→ **PROBLEM TO WORK ON**
Could you reproduce, exactly and alone, the lines running from the one with "Barómetro Tercer Sector" to the end of the data below?

→ **Source data**
============
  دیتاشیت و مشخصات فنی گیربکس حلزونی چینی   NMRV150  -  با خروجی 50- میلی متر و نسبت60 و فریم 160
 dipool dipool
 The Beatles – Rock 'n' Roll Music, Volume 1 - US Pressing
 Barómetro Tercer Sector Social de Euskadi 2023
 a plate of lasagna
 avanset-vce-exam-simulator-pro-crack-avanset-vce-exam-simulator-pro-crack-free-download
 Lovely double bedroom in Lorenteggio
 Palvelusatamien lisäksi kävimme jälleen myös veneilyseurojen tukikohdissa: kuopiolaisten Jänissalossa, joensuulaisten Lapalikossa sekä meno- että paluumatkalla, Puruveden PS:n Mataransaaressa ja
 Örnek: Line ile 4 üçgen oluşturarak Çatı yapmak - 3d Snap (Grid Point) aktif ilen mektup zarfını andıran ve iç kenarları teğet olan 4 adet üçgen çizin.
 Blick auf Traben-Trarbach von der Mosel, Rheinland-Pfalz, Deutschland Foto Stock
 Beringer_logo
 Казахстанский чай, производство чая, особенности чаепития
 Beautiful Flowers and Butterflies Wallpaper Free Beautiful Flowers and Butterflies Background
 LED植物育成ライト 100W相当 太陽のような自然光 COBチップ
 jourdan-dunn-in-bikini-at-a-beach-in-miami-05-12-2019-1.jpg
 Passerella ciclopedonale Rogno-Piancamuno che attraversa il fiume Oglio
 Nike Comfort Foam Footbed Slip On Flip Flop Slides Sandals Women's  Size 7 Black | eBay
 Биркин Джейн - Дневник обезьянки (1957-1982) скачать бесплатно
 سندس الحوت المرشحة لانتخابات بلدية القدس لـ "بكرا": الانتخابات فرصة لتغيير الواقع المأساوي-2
============
→ **WRITTEN RESPONSE**
 Barómetro Tercer Sector Social de Euskadi 2023
 a plate of lasagna
 avanset-vce-exam-simulator-pro-crack-avanset-vce-exam-simulator-pro-crack-free-download
 Lovely double bedroom in Lorenteggio
 Palvelusatamien lisäksi kävimme jälleen myös veneilyseurojen tukikohdissa: kuopiolaisten Jänissalossa, joensuulaisten Lapalikossa sekä meno- että paluumatkalla, Puruveden PS:n Mataransaaressa ja
 Örnek: Line ile 4 üçgen oluşturarak Çatı yapmak - 3d Snap (Grid Point) aktif ilen mektup zarfını andıran ve iç kenarları teğet olan 4 adet üçgen çizin.
 Blick auf Traben-Trarbach von der Mosel, Rheinland-Pfalz, Deutschland Foto Stock
 Beringer_logo
 Казахстанский чай, производство чая, особенности чаепития
 Beautiful Flowers and Butterflies Wallpaper Free Beautiful Flowers and Butterflies Background
 LED植物育成ライト 100W相当 太陽のような自然光 COBチップ
 jourdan-dunn-in-bikini-at-a-beach-in-miami-05-12-2019-1.jpg
 Passerella ciclopedonale Rogno-Piancamuno che attraversa il fiume Oglio
 Nike Comfort Foam Footbed Slip On Flip Flop Slides Sandals Women's  Size 7 Black | eBay
 Биркин Джейн - Дневник обезьянки (1957-1982) скачать бесплатно
 سندس الحوت المرشحة لانتخابات بلدية القدس لـ "بكرا": الانتخابات فرصة لتغيير الواقع المأساوي-2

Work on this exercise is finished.